В-третьих, отдельный и очень сложный аспект представляет собой обучение ИИ, в нашем случае — обучение проведению правовой экспертизы. Нужно создать сопутствующее регулирование и определить условия. Так, поскольку данные выступают основой цифровых технологий, в том числе ИИ, первоочередной задачей является правовое регулирование оборота данных (добротное и комплексное). Иными словами, ИИ входит в уже существующее правовое пространство, со сложившимися правилами, с которыми нужно считаться. Оцифровка данных, кодирование закона — также условия для организации обучения ИИ. Но самое главное — отбор тех данных, на основе которых будет проводиться обучение.

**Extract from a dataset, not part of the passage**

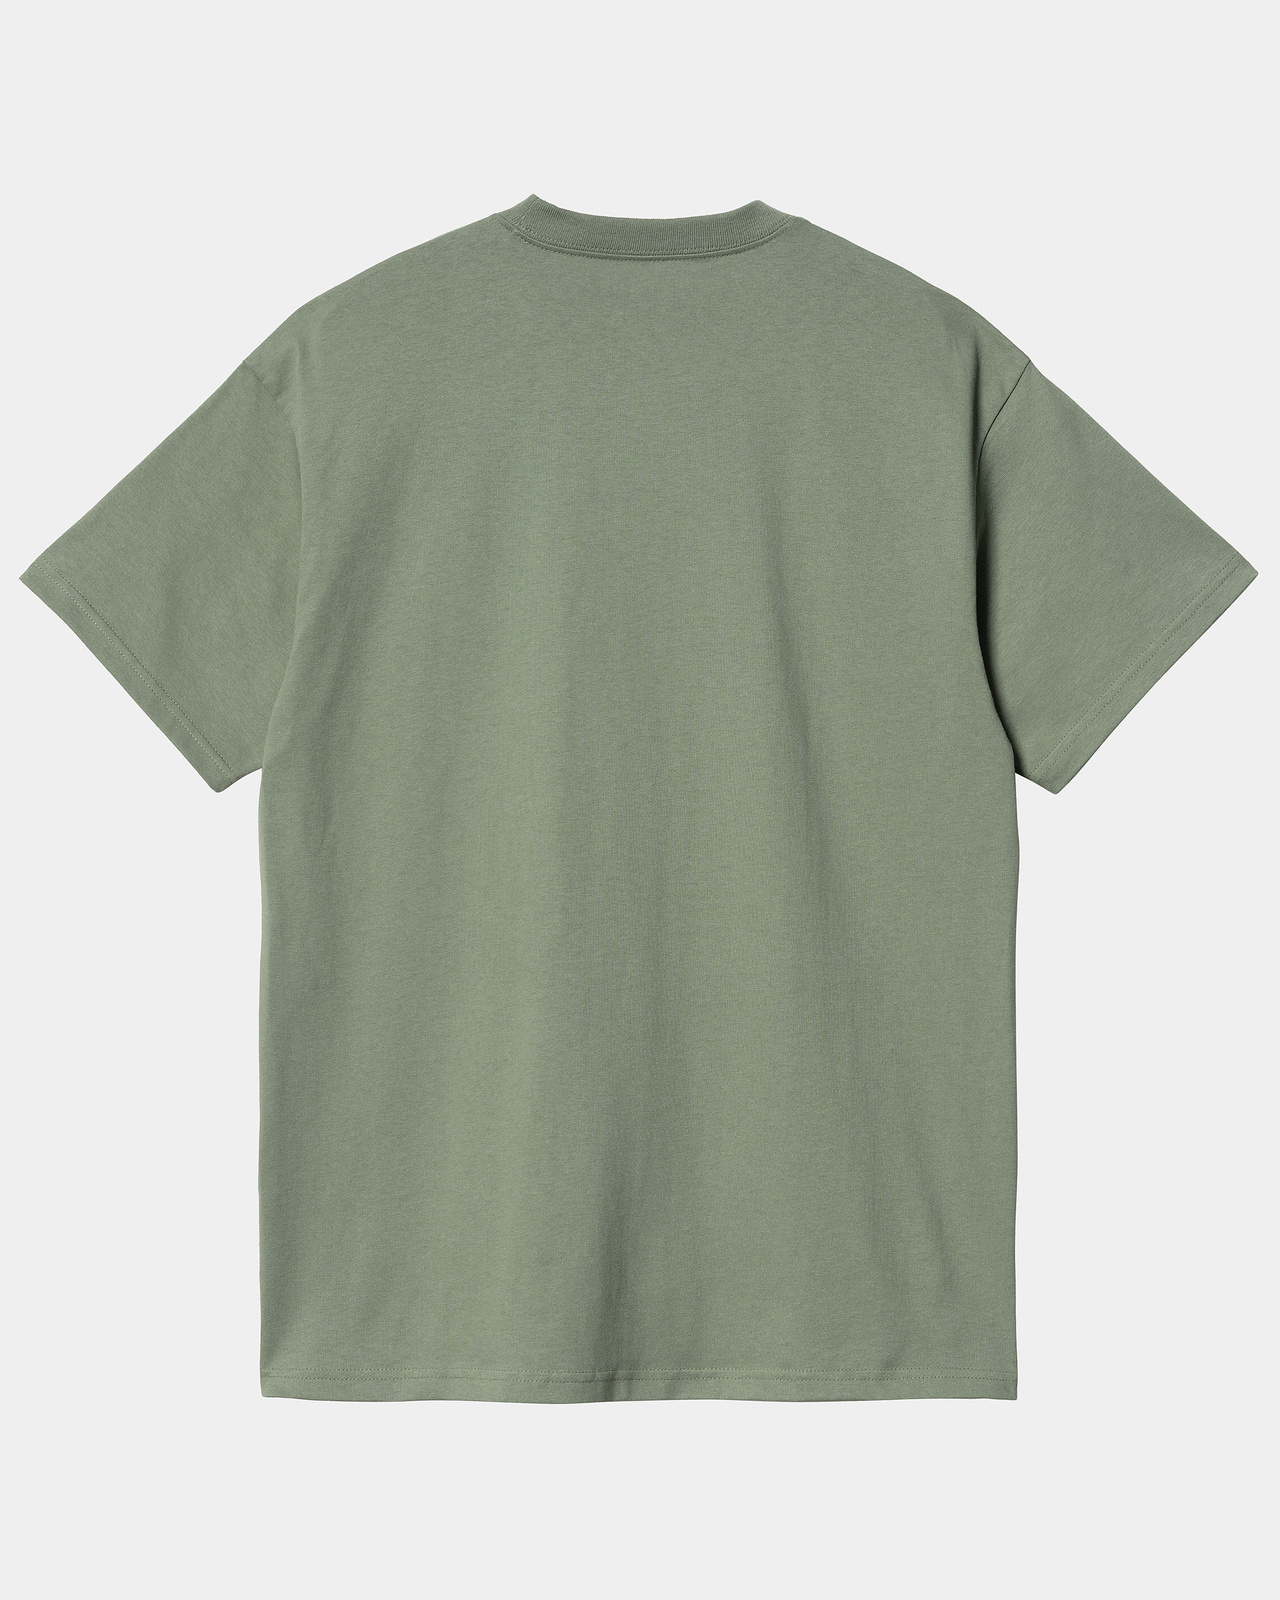 T-shirt Field Pocket - Park - S

От их состава, полноты, достоверности, качества напрямую зависит результат экспертизы. Очевидно, в категорию данных для обучения войдут законодательные акты, комментарии и правовые исследования, судебные решения, статистика правонарушений. Трудно представить, как поведет себя ИИ, если эти данные будут противоречивыми, недостаточно подтвержденными, сфальсифицированными. И главное: как навести порядок в массиве данных и запустить процесс контроля за их отбором? Пожалуй, для полноценной работы ИИ при экспертизе нормативных правовых актов необходимо «вычистить» (возможно, с привлечением технологий) законодательство уже действующее, как минимум с точки зрения унификации терминологии, устранения дублирования. Наконец, как бороться с нехваткой данных и, если их недостаточно, насколько возможно привлечение иностранного опыта, практики международных судов, на каком исходном языке будут представлены все эти данные? В любом случае, необходимо организовать прозрачную систему сертификации систем ИИ при использовании их для целей государственного управления.
В-четвертых, разным видам экспертиз корреспондирует неодинаковый состав заинтересованных лиц и используемых данных. Стадия создания проекта НПА не
так проста, она состоит из определения предмета регулирования будущего нормативного правового акта, его задач, а также ожидаемого результата; поиска оптимальных правовых решений по конкретным вопросам регулирования; учета полученных предложений при создании нормативного правового акта (Залоило, Базы-кин 2019, 45). Для обоснования принятия нормативного акта крайне важно учесть мнение общества по его поводу еще до его создания.
Несмотря на некоторые успехи в этой сфере, канал взаимодействия с обществом в целях разработки и принятия НПА в условиях использования ИИ еще предстоит наладить. С одной стороны, использование ИИ облегчает кропотливое следование всем необходимым этапам и требованиям экспертизы, включая содержательные, но с другой — представляет угрозу для участия граждан в управлении, поскольку эта связь опосредуется через ИИ. Получается некое нагромождение: ИИ использует предложения граждан при разработке проекта НПА, и сохраняется возможность общественного обсуждения проекта НПА, созданного при помощи ИИ. Так или иначе, предложение использовать технологию краудсорсинга в совершенствовании государственного управления (Залоило, Базыкин 2019, 44) при всей привлекательности должно быть тщательно обдумано и структурировано.
Нам представляется эффективным использование ИИ на этапе привлечения граждан до создания проекта нормативного правового акта, т. е. для обработки собранных предложений. Остается открытым вопрос, насколько ИИ может использовать идеи, высказанные иными способами (в интернете, в отдельных предложениях, выступлениях в СМИ). Вероятно, предлагаемые гражданам для обсуждения темы должны совпадать с предметами регулирования, заложенными в алгоритм для создания этого НПА. А это уже требование к согласованию классификаций, используемых алгоритмом.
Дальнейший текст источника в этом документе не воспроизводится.